2.3.2 leg muscle strength
After completion of a standardised preparatory programme consisting of 5 minutes of cycling and 3 minutes of lower limb dynamic mobility exercises, isokinetic strength parameters were quantified using a dynamometer system (HUMAC NORM Test System, CSMI Solutions). The assessment programme consisted of:Isokinetic peak torque (PT) assessment at an angular velocity of 60°/s. Isokinetic Average Torque (AT) evaluation at 180°/s angular velocity.Instrument calibration is carried out prior to each test to ensure measurement fidelity. Positioning parameters were standardised as follows: ergometer tilt 40°, seat tilt 40°, seat backrest tilt 70–85° and sagittal alignment through the lateral femoral condyles. The warm-up programme consisted of graded exertion (50–80% of perceived exertion for isokinetic testing) followed by a 30-second recovery period. Formal testing consisted of five maximal knee flexion-extension tests at 60°/s angular velocity and 25 knee flexion-extension fatigue tests at 180°/s angular velocity.

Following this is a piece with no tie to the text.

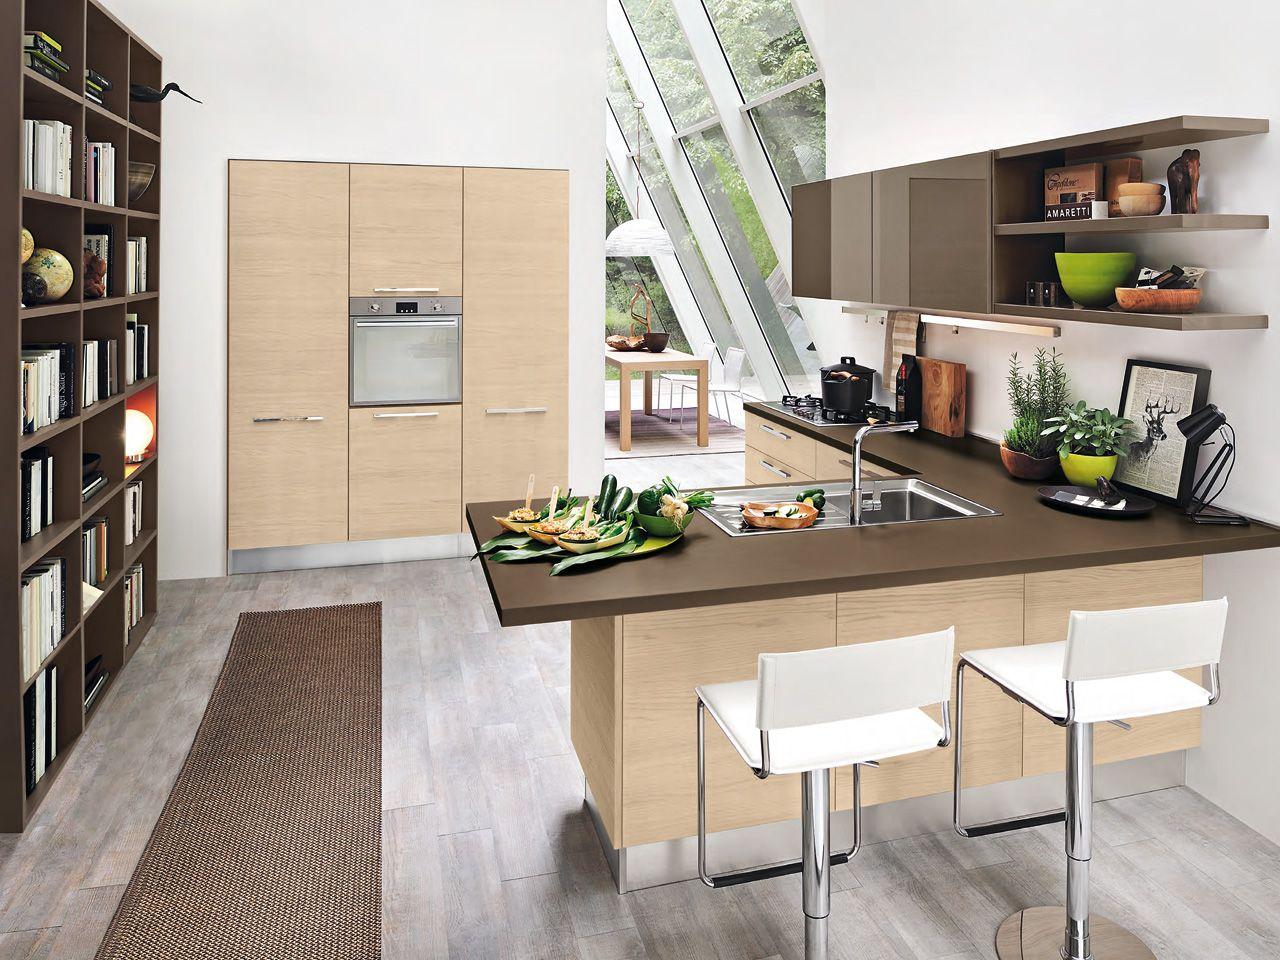 PAMELA - Cucina Lube Moderna | PAMELA / Cucine Lube Moderne ...

There was a 1-minute recovery interval between each set.
2.3.3 Anaerobic power
A power bicycle (Monark 894E, Sweden) was used for anaerobic power assessment of the subjects.The brake weight type was calculated from 7.5% (0.075 kg-kg body mass-1) of the participant's own body weight. The seat height was adjusted to align with the participant's hip height, and the weight basket was pre-calibrated by the researcher to the target mass prior to the commencement of the test (tolerance ± 5 g) and manually released at the start of the test. The system automatically determined the presence of a valid resistance trigger by measuring a 1-second difference in pedal frequency (> 10 rpm) between the front and back, and repeated the test if the criterion was not met. Following the calibration of the values, the subjects performed a 30-second Wingate test.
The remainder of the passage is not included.